HOW TO COMPLETE THIS TASK —
The entire listing below is to be written out exactly, minus the pictures.

(Beginning of INFORMATION SUPPLIED)

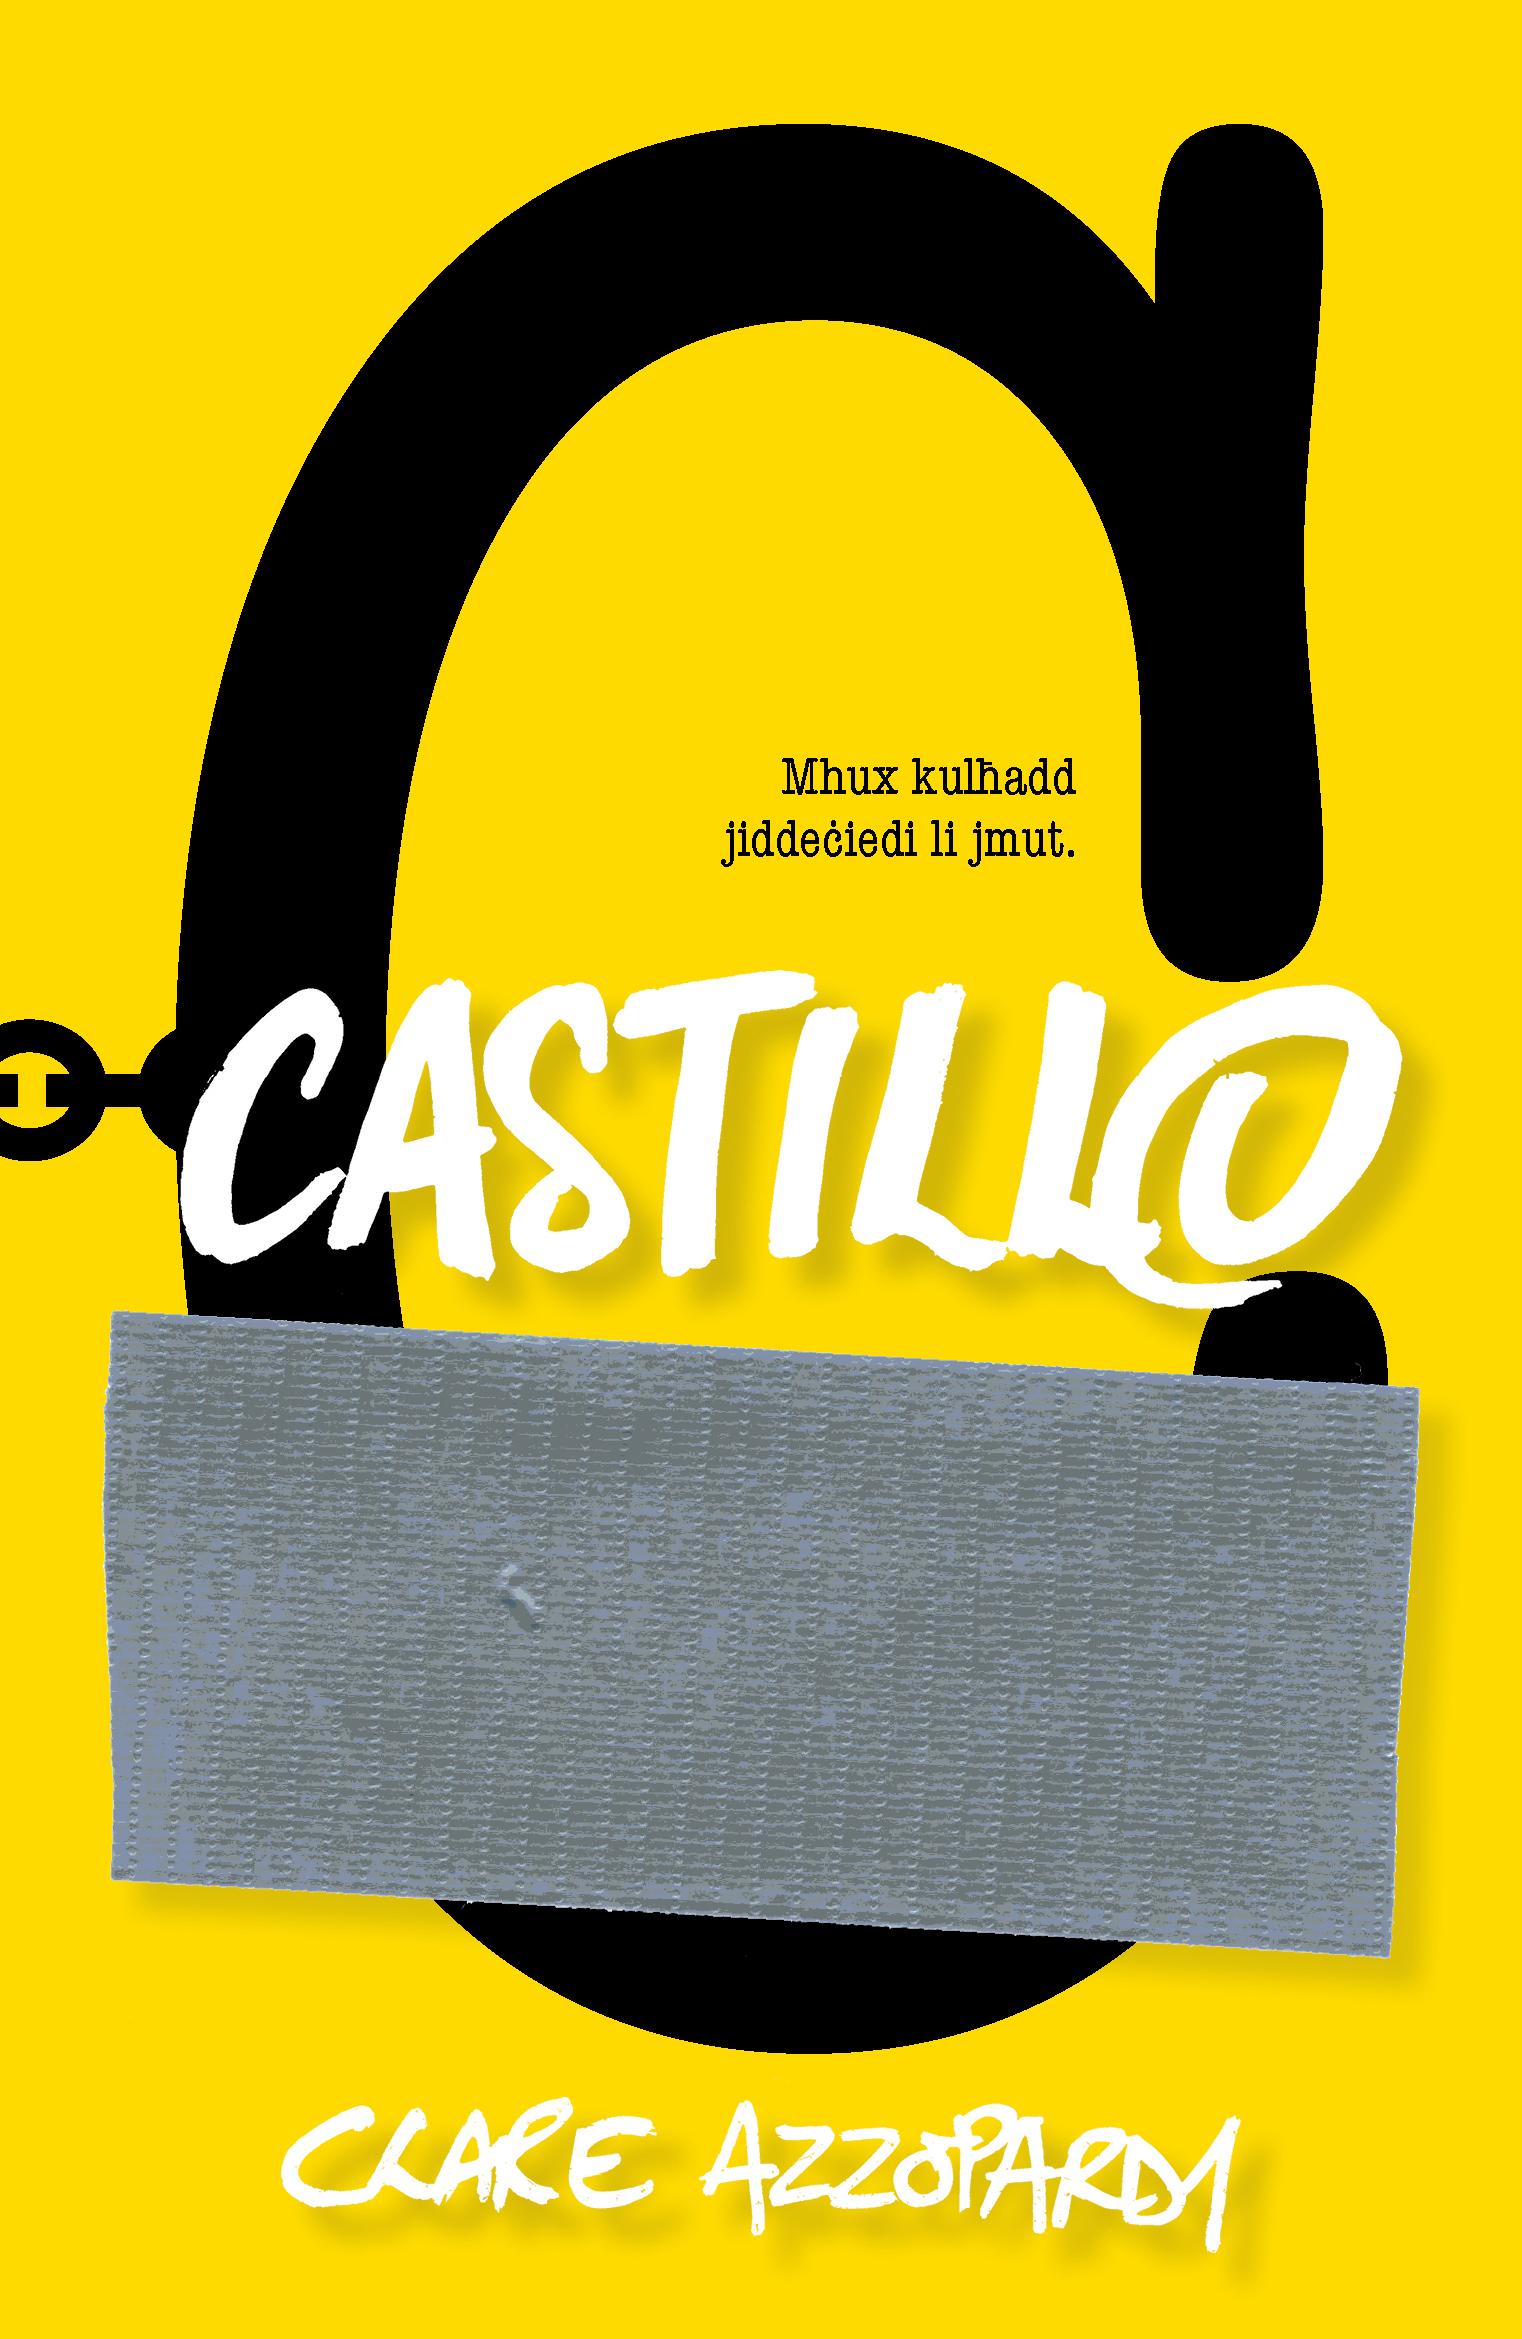 castillo cover for pr.jpg
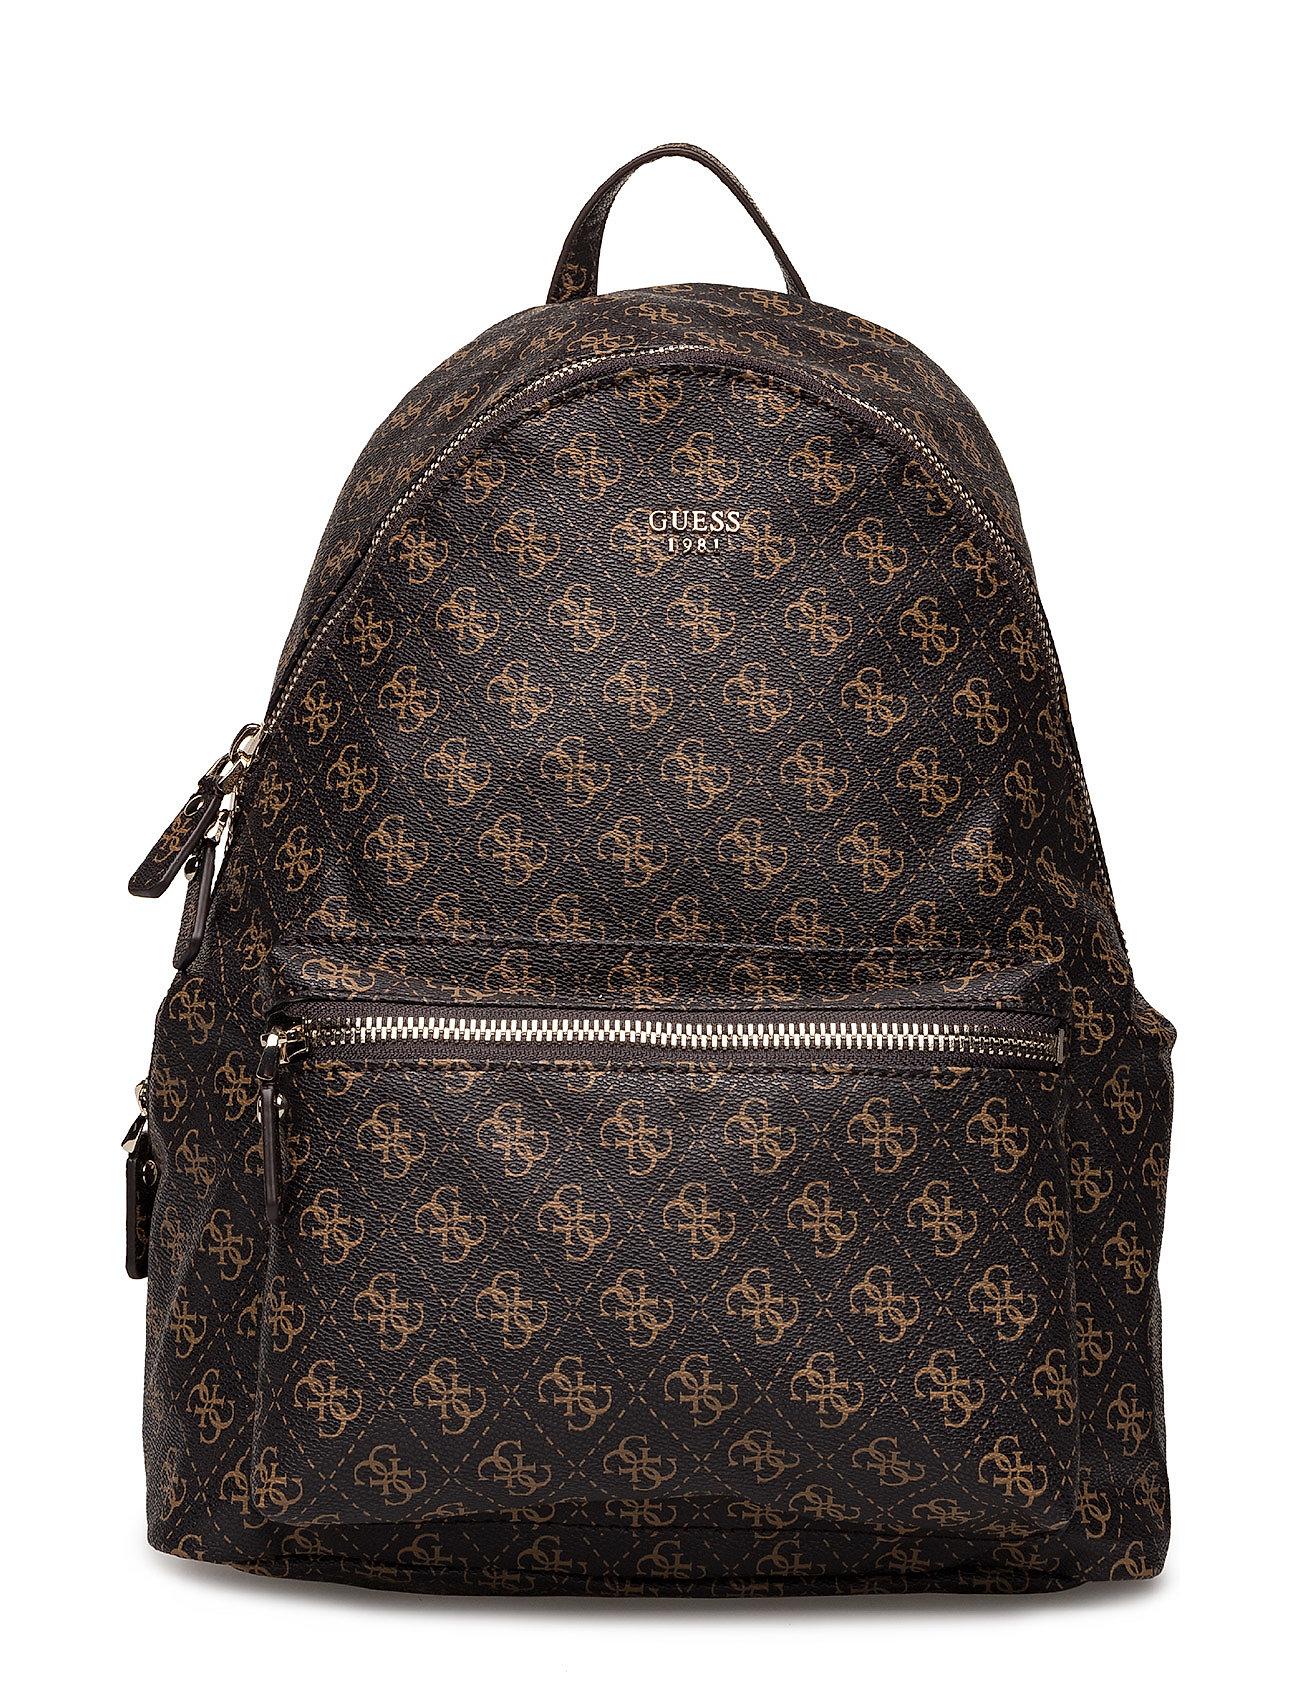 GUESS Leeza Backpack Rucksack Tasche Braun GUESS
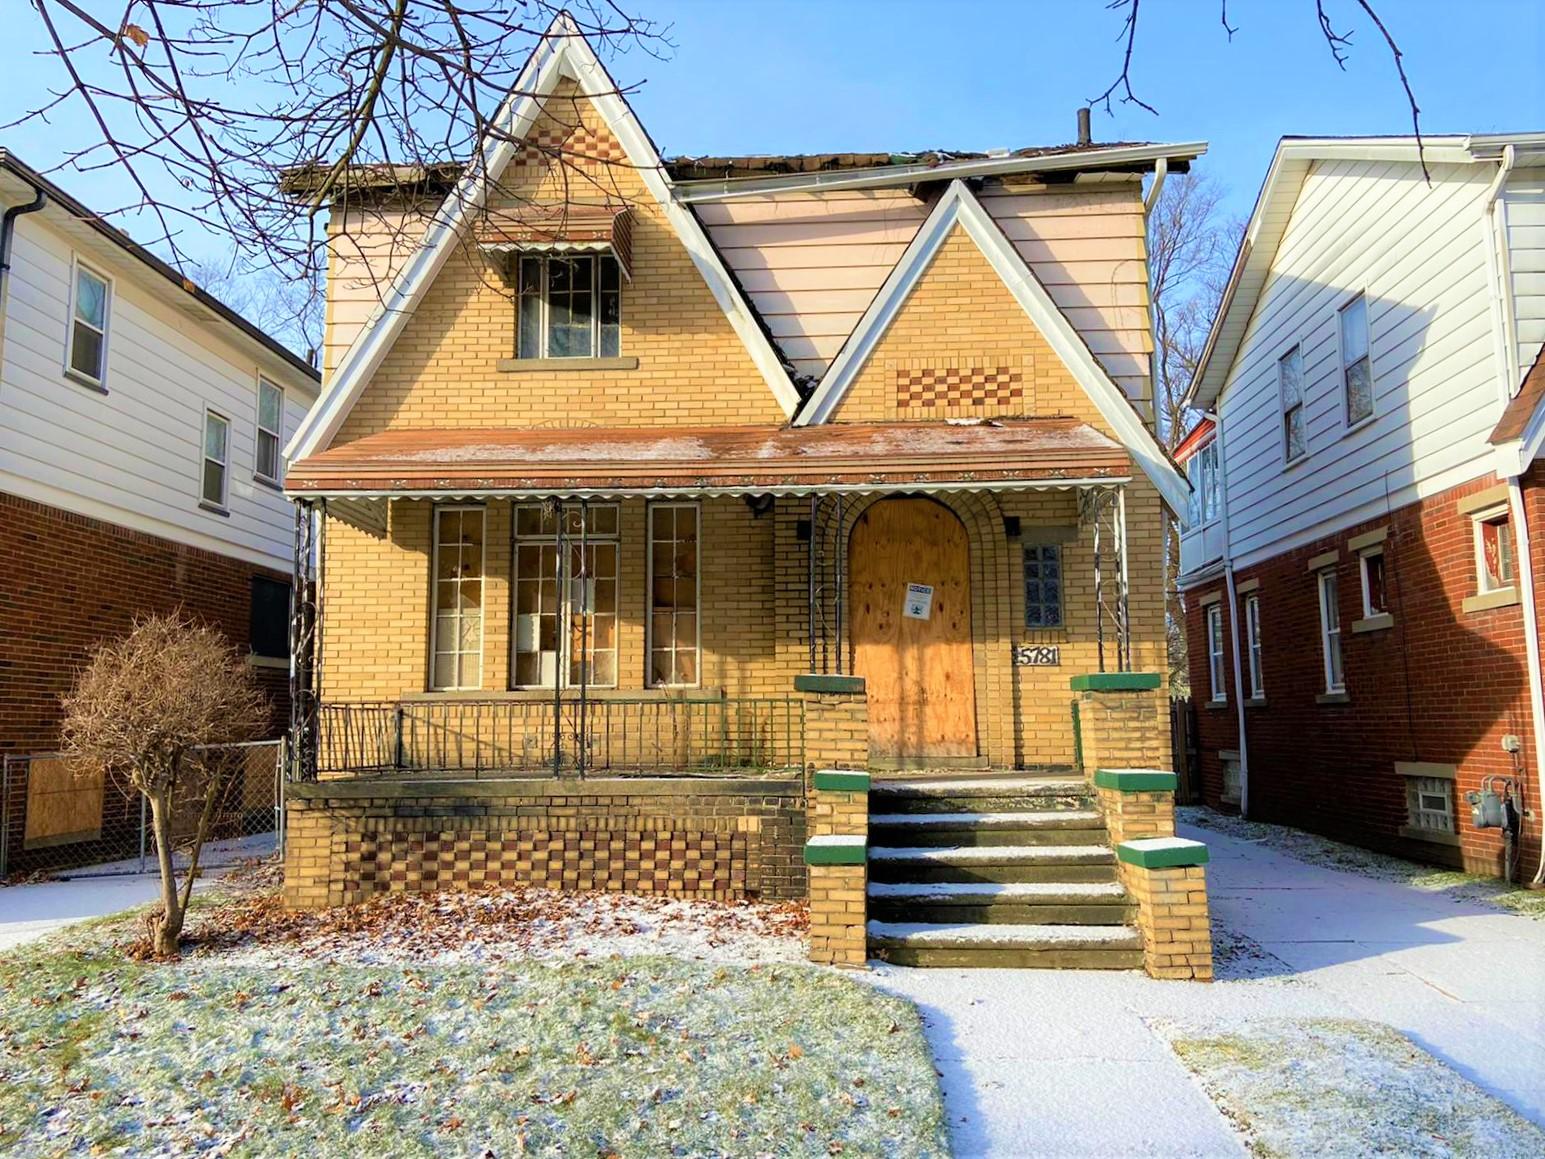 Foto de 15781 LITTLEFIELD ST., Detroit, MI, 48227

(End of INFORMATION SUPPLIED)

TASK RESULT —
 castillo cover for pr.jpg
 GUESS Leeza Backpack Rucksack Tasche Braun GUESS
 Foto de 15781 LITTLEFIELD ST., Detroit, MI, 48227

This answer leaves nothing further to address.